# <u>Chapter 10</u>: Clustering Speech-to-Text Transcriptions

`Topic modeling` refers to the task of identifying groups of items, in our case words, that best describes a collection of documents or sentences. The topics emerge during the specific process; hence they are called _latent_. A popular topic modeling technique to extract the hidden topics from a given corpus is the `Latent Dirichlet Allocation` (LDA). 

In [None]:
import sys
import subprocess
import pkg_resources

# Find out which packages are missing.
installed_packages = {dist.key for dist in pkg_resources.working_set}
required_packages = {'pandas', 'spacy', 'gensim', 'pyLDAvis'}
missing_packages = required_packages - installed_packages

# If there are missing packages install them.
if missing_packages:
    print('Installing the following packages: ' + str(missing_packages))
    python = sys.executable
    subprocess.check_call([python, '-m', 'pip', 'install', *missing_packages], stdout=subprocess.DEVNULL)

## Data preparation

First, we obtain a copy of the dataset from the CSV file.

In [46]:
import pandas as pd

# Read the hypotheses from the speech-to-text.
hypothesis_df = pd.read_csv('data/hypothesis.csv', names=['hypothesis'], skiprows=1)
corpus = hypothesis_df[hypothesis_df['hypothesis'] != "<ERROR>"]

corpus.head()

Unnamed: 0,hypothesis
0,the cheap paper should not sacrifice toughness...
1,it is obvious that legibility is the first thi...
3,America which is the worst conceivable
4,it must be said that it is in no way like the ...
5,this experiment was so far successful that abo...

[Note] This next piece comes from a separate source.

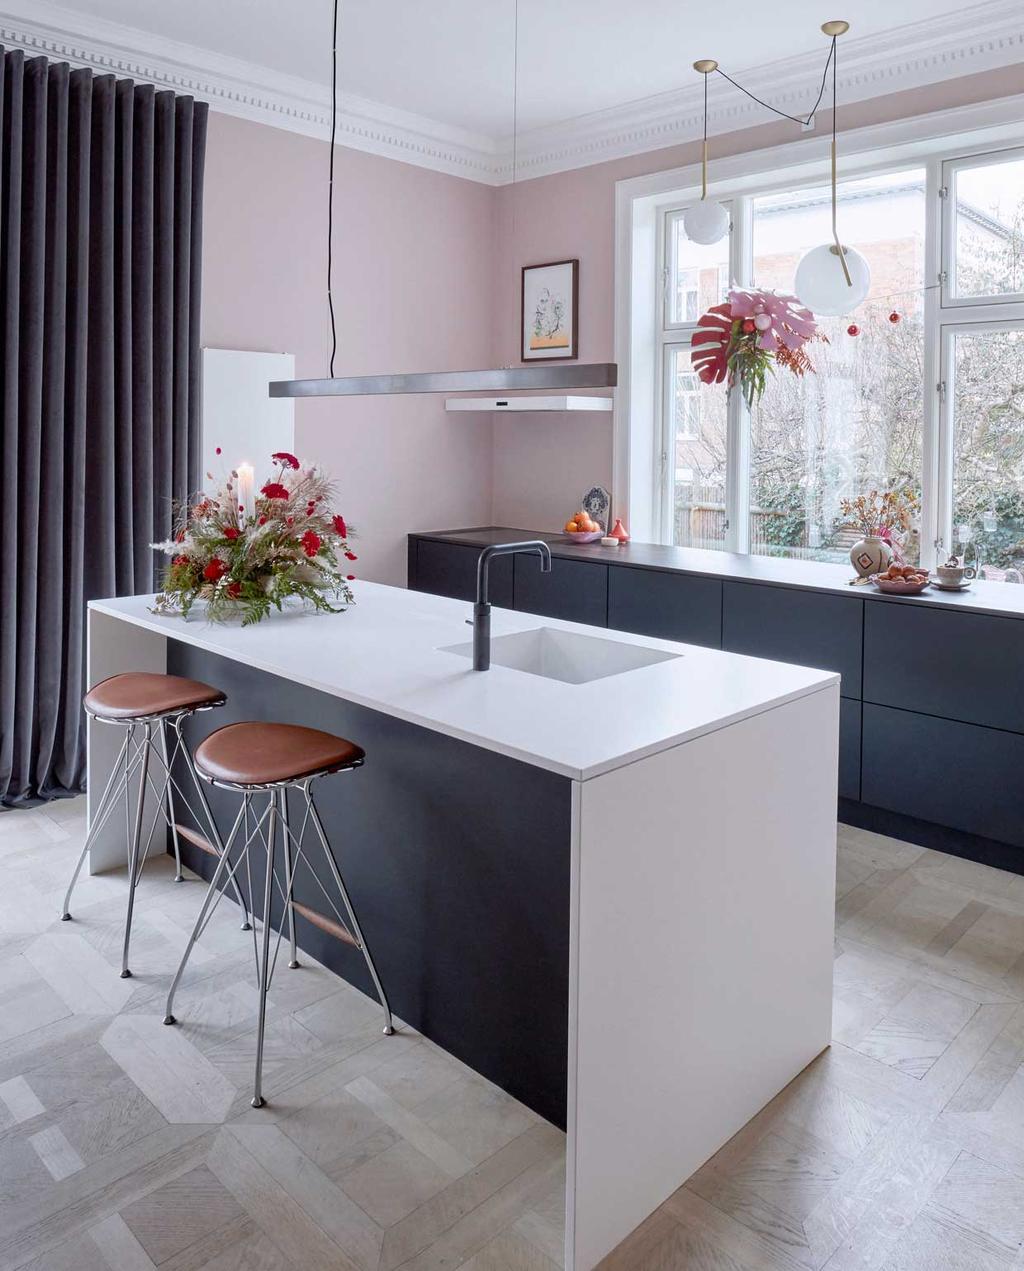 vtwonen 12-2020 BK special | binnenkijken in een kersthuis met zwart witte keuken

Next, we tokenize the sentences and perform a light preprocessing of the words.

In [47]:
from spacy.lang.en import English

nlp = English()

# Tokenize the input text.
def tokenize(text):
    tokens = []
    doc = nlp(text)

    for word in doc:
        # Checks whether the word consists of whitespace.
        if word.orth_.isspace():
            continue
        # Does the word resemble to a URL?
        elif word.like_url:
            tokens.append('URL')
        # Does the word resemble to an email?
        elif word.like_email:
            tokens.append('EMAIL')
        else:
            tokens.append(word.lower_)

    return tokens

We load a set of stop words to be used later.

In [48]:
import spacy

sp = spacy.load("en_core_web_sm")

# Define the list of stopwords.
stop_words = sp.Defaults.stop_words

Let's define the standard method for lemmatization.

In [49]:
# Lemmatize the input word.
def lemmatize(text):
    sentence = sp(text)
    lemma = ''
    for token in sentence:
        lemma += token.lemma_ + ' '

    return lemma.strip()

An important design decision for this test is to focus solely on nouns and adjectives for the input.

In [50]:
# Keep only the nouns and adjectives.
def filter_nouns_adj(text):
    sentence = sp(text.lower())
    nouns_adj = ''
    for token in sentence:
        if token.pos_ == "NOUN" or token.pos_ == "ADJ":
            nouns_adj += token.text + ' '

    return nouns_adj.strip()

We define a parse sequence for the data:
* Keep only nouns and adjectives.
* Tokenize the input.
* Remove stop words.
* Lemmatize the tokens.
* Keep tokens with more than 4 characters.

In [51]:
# Extract the text for LDA.
def extract_text_for_lda(text):
    filtered_text = filter_nouns_adj(text)
    tokens = tokenize(filtered_text)
    tokens = [t for t in tokens if t not in stop_words]
    tokens = [lemmatize(t) for t in tokens]
    tokens = [t for t in tokens if len(t) > 4]

    return tokens

text_data = []

# Parse all data from the corpus.
for row, col in corpus.iterrows():
    tokens = extract_text_for_lda(col.hypothesis)
    text_data.append(tokens)

_gensim_ is a library that provides a suite of tools for implementing LDA. Initially, we need to transform the data in the format (bag-of-words) expected by the library. We can also save this data to a file for future reference.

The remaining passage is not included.